Sementara itu, mengutip dari laman MK, di dalam sidang perbaikan permohonan, kuasa hukum T'Koes dan Saartje, David Surya menyatakan para pemohon meminta MK menyatakan Pasal 9 ayat (2) UU Hak Cipta bertentangan konstitusi.
Mereka meminta pasal itu tidak mempunyai kekuatan hukum mengikat sepanjang tidak dimaknai, "Setiap Orang yang melaksanakan hak ekonomi sebagaimana dimaksud pada Pasal 9 ayat (1) f 'tidak boleh dilarang untuk melakukan pertunjukan ciptaan, sepanjang kewajiban pembayaran Royalti telah dilakukan melalui Lembaga Manajemen Kolektif (LMK)/Lembaga Manajemen Kolektif Nasional (LMKN)'."

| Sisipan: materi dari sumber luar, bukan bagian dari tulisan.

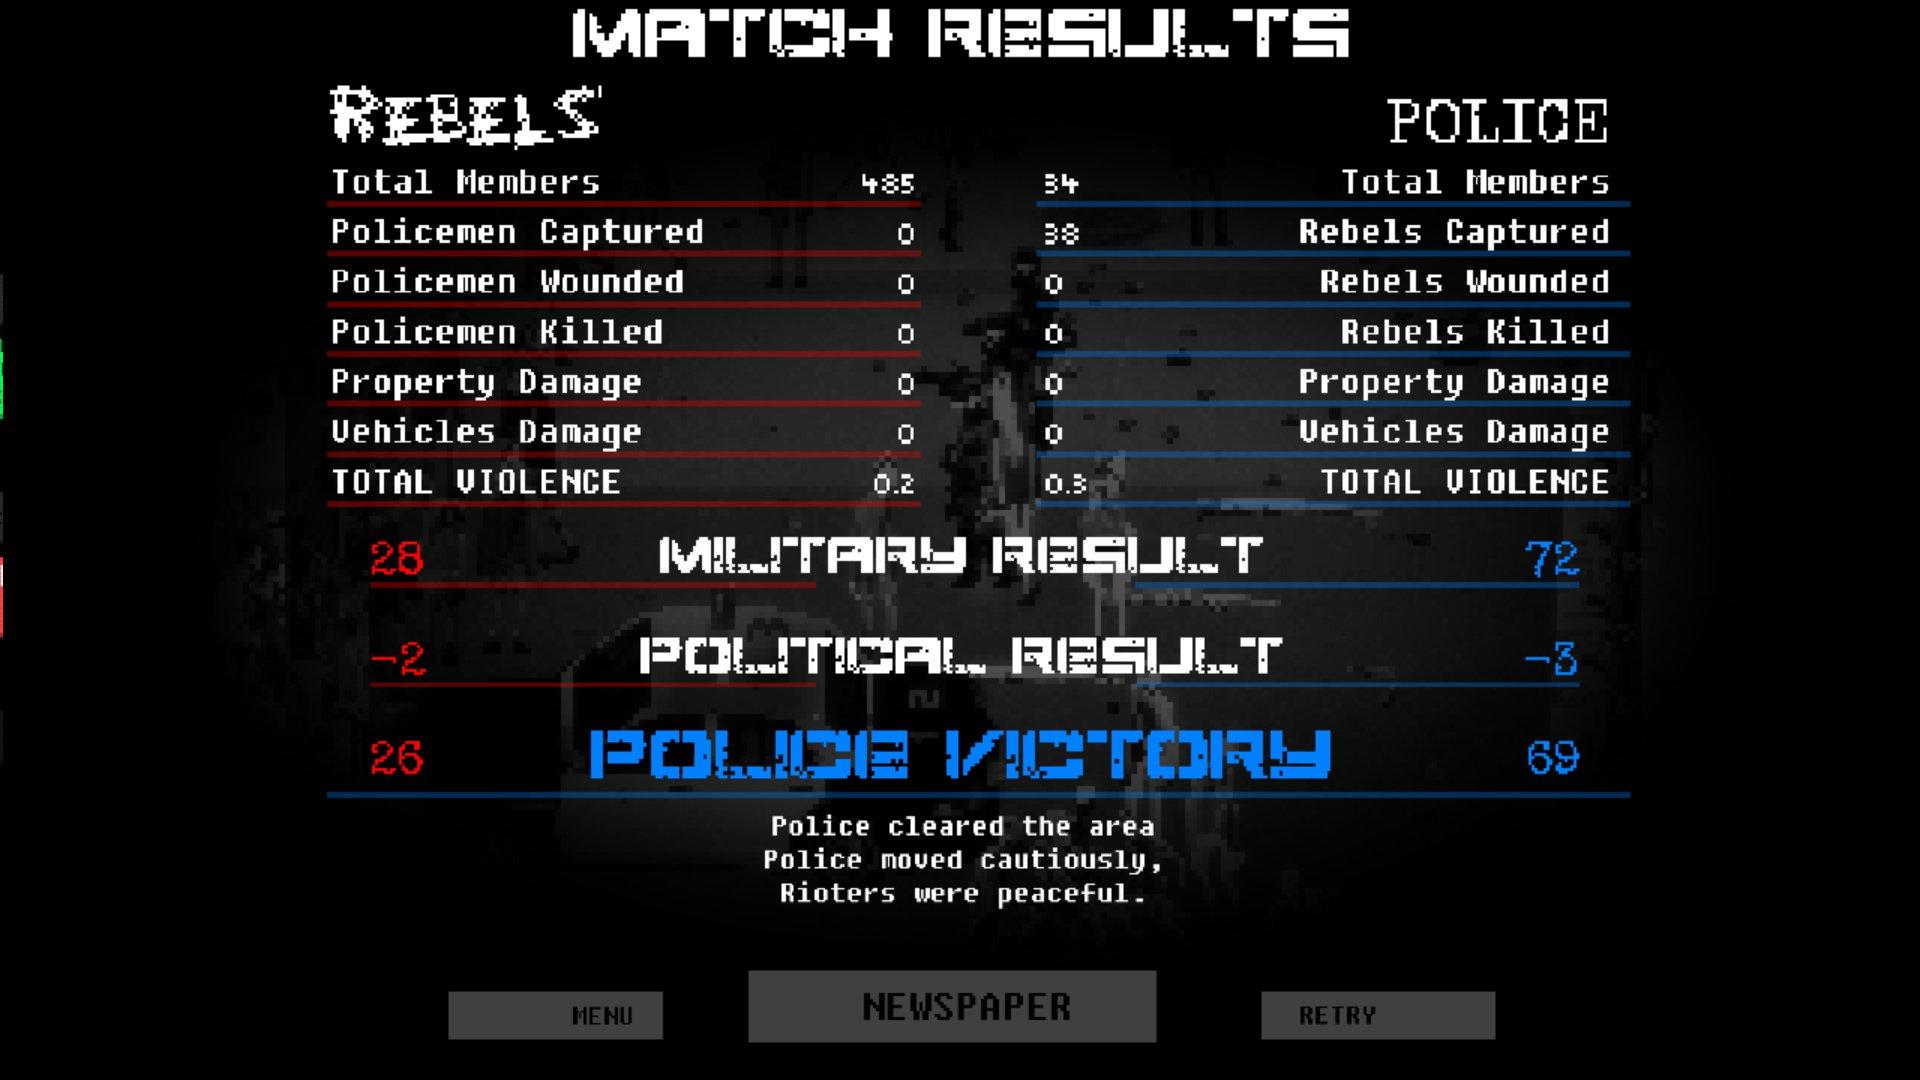 riot civil unrest results screen

Pemohon juga memohon kepada MK agar menyatakan Pasal 113 ayat (2) UU Hak Cipta sepanjang frasa 'tanpa hak dan/tanpa izin sebagaimana Pasal 9 ayat (1) huruf f bertentangan dengan UUD 1945 dan tidak mempunyai kekuatan hukum mengikat sepanjang tidak dimaknai, "bahwa Pengguna dengan itikad buruk tidak melaksanakan kewajibannya dalam pemenuhan hak ekonomi Pencipta atau Pemegang Hak Cipta melalui Lembaga Manajemen Kolektif (LMK)/Lembaga Manajemen Kolektif Nasional (LMKN)."
Kedua perkara ini bergulir di MK sejak sidang pemeriksaan pendahuluan digelar pada 24 April 2025. Dalam prosesnya, MK telah meminta keterangan DPR, pemerintah, saksi dan ahli, serta pihak terkait seperti LMKN.
Selain dua perkara itu, MK juga membacakan putusan atas delapan perkara lain pada hari ini yakni terkait UU Tipikor, UU Polri, UU Pemilu, UU Minerba, UU Notaris, dan UU Keselamatan Kerja.